▸ **Input data**
# # #
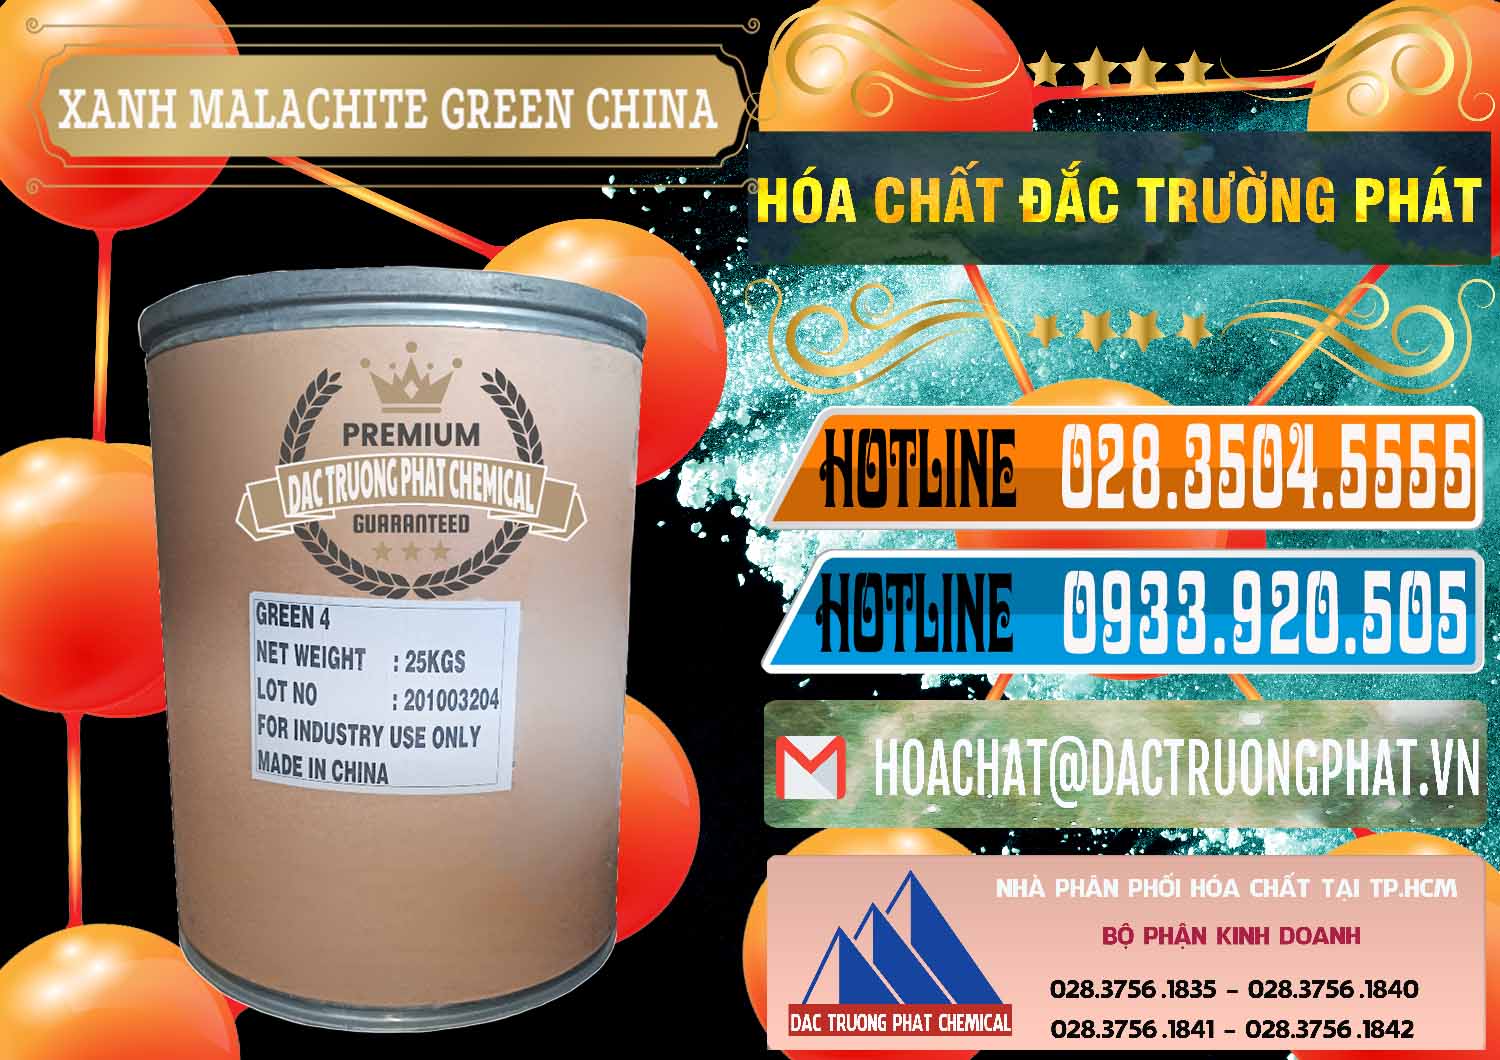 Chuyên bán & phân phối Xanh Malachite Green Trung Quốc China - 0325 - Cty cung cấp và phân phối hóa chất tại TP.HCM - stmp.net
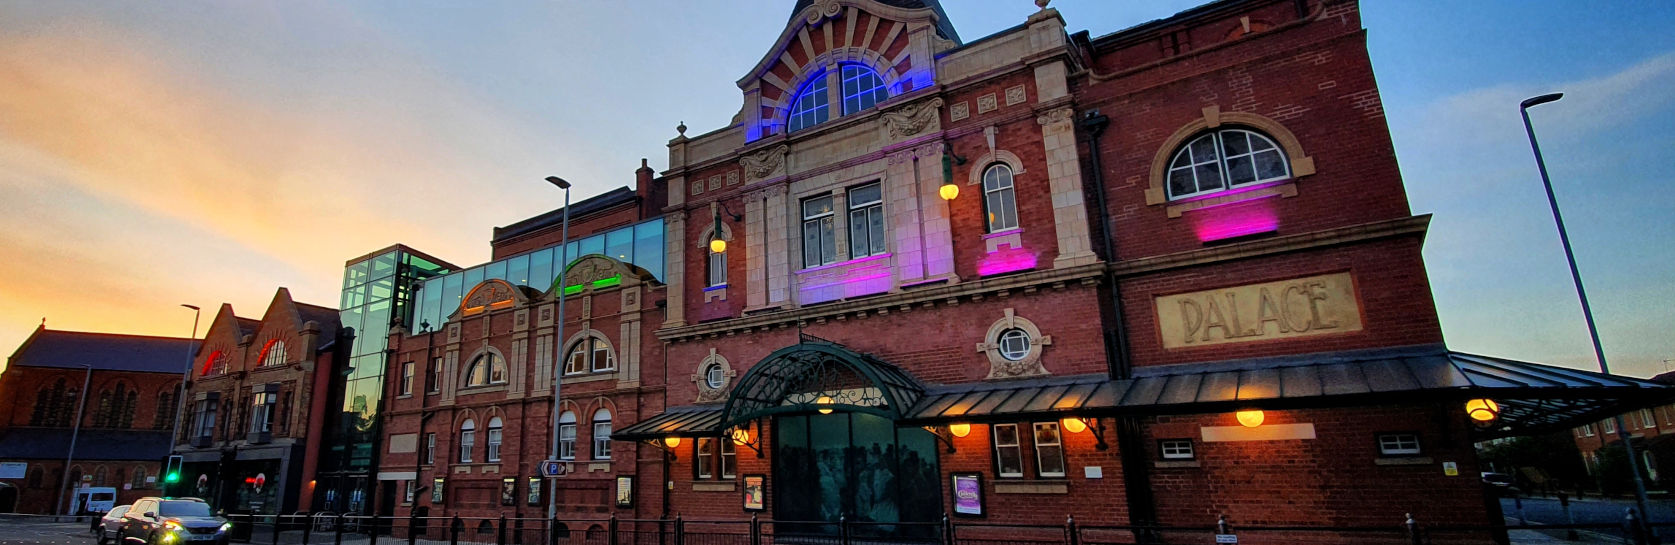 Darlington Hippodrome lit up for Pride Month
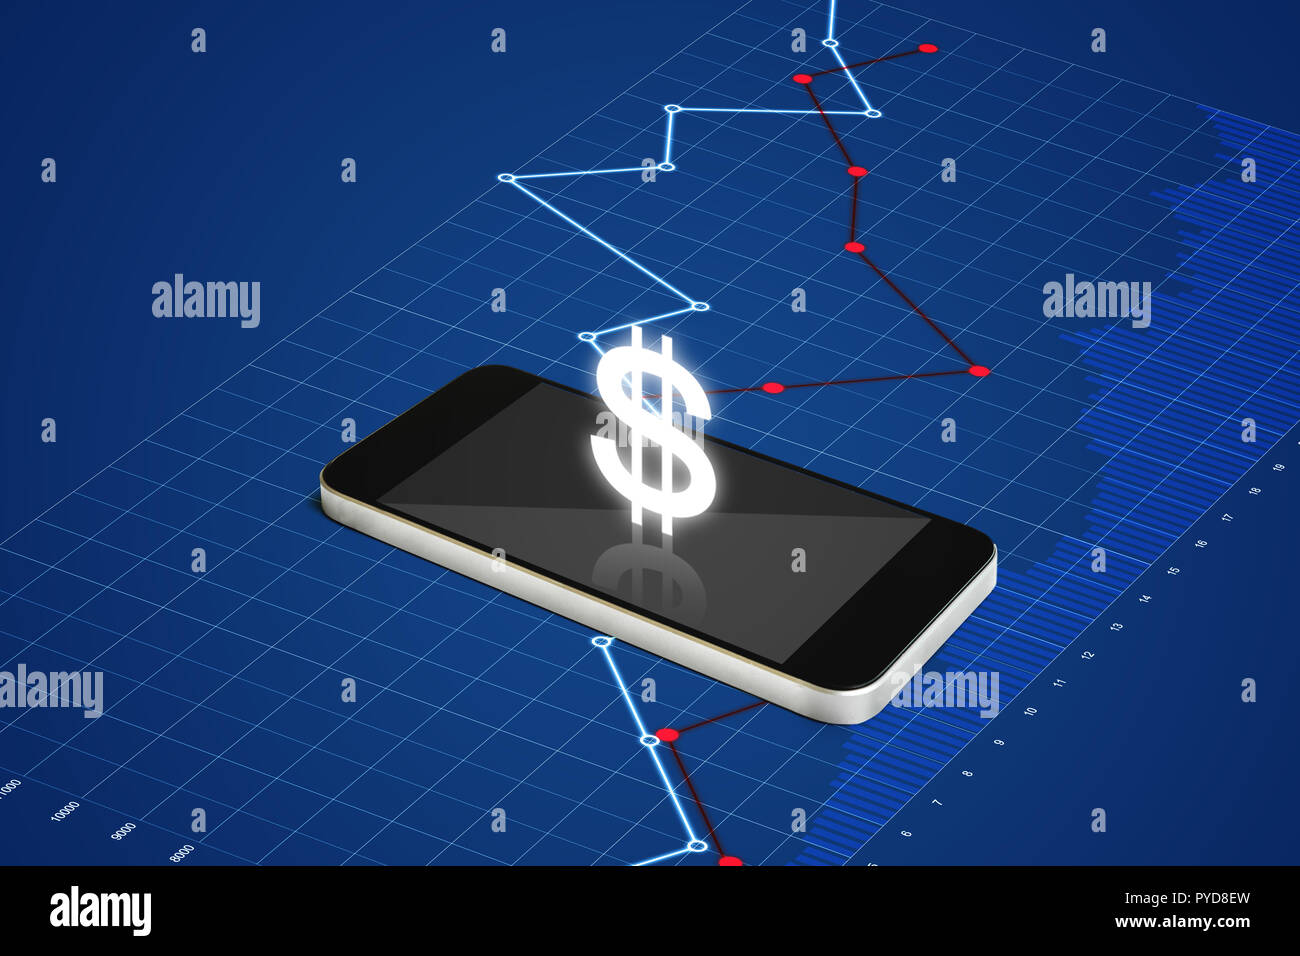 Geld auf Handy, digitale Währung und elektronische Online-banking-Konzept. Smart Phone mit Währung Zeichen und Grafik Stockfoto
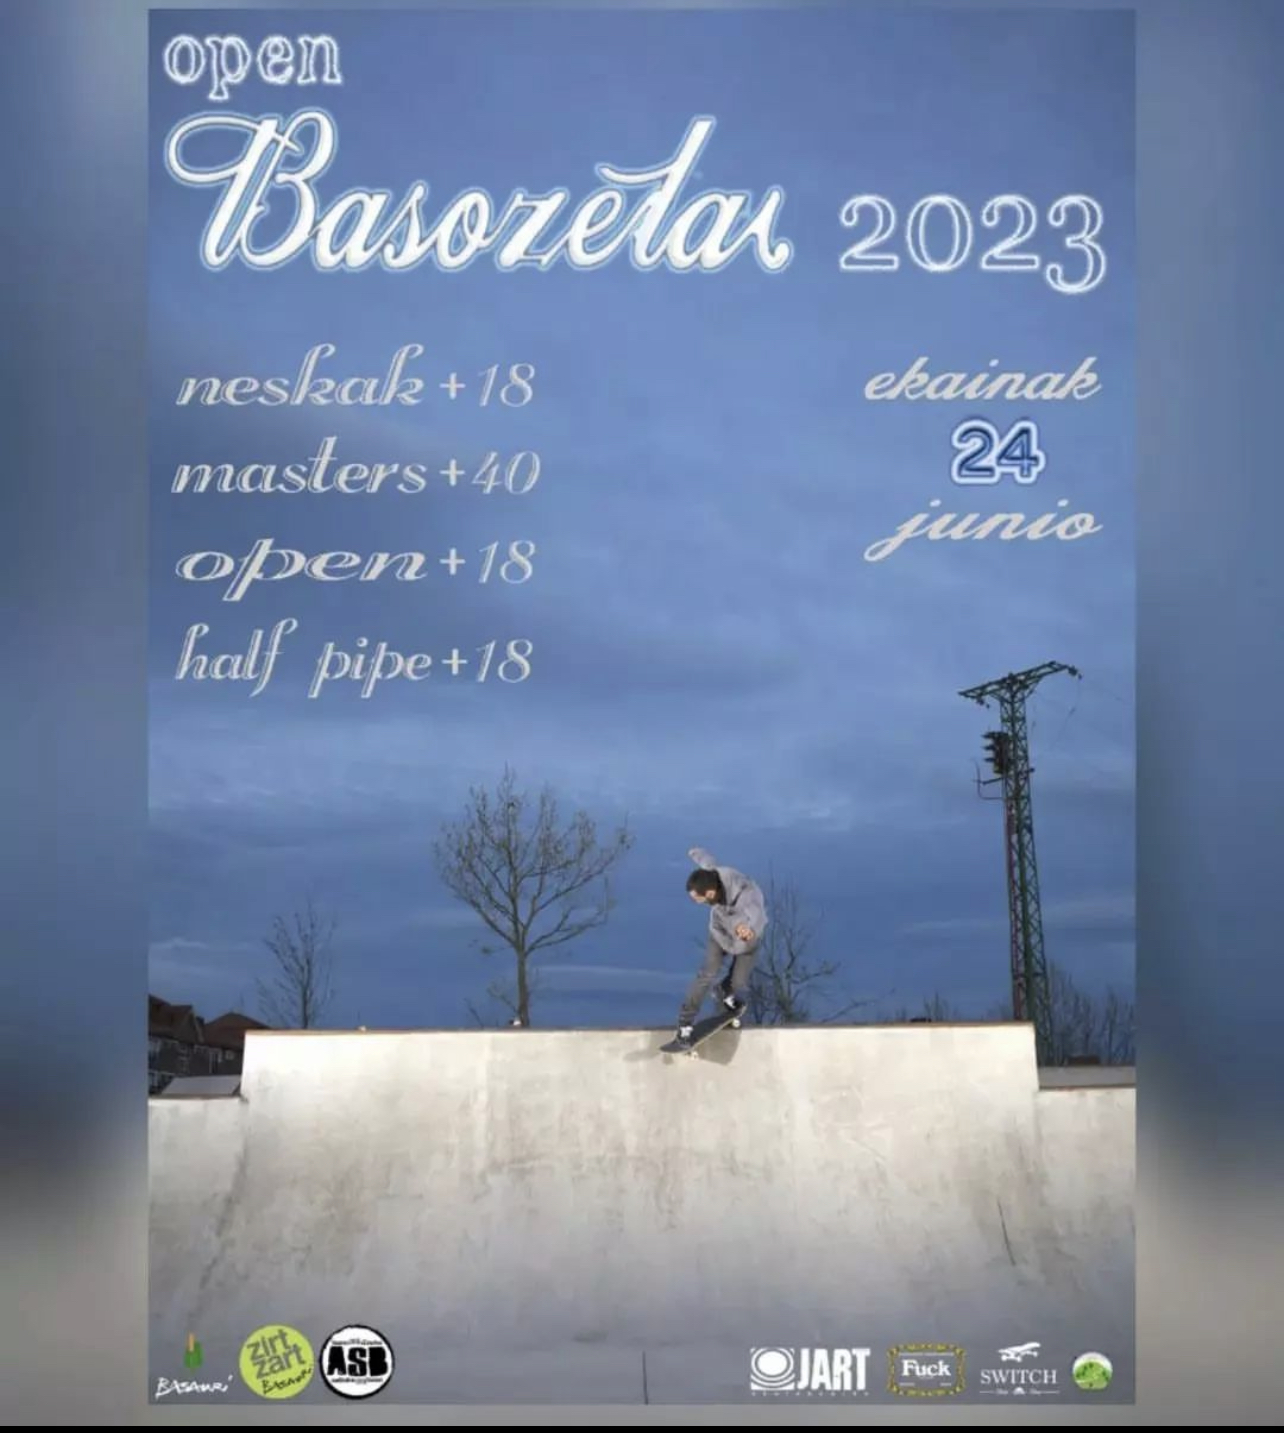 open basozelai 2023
# # #
Pictures excluded, output exactly the line that contains "Darlington Hippodrome lit up for Pride Month" and every line after it to the end of the data above.

▸ **Solution for this task**
 Darlington Hippodrome lit up for Pride Month
 Geld auf Handy, digitale Währung und elektronische Online-banking-Konzept. Smart Phone mit Währung Zeichen und Grafik Stockfoto
 open basozelai 2023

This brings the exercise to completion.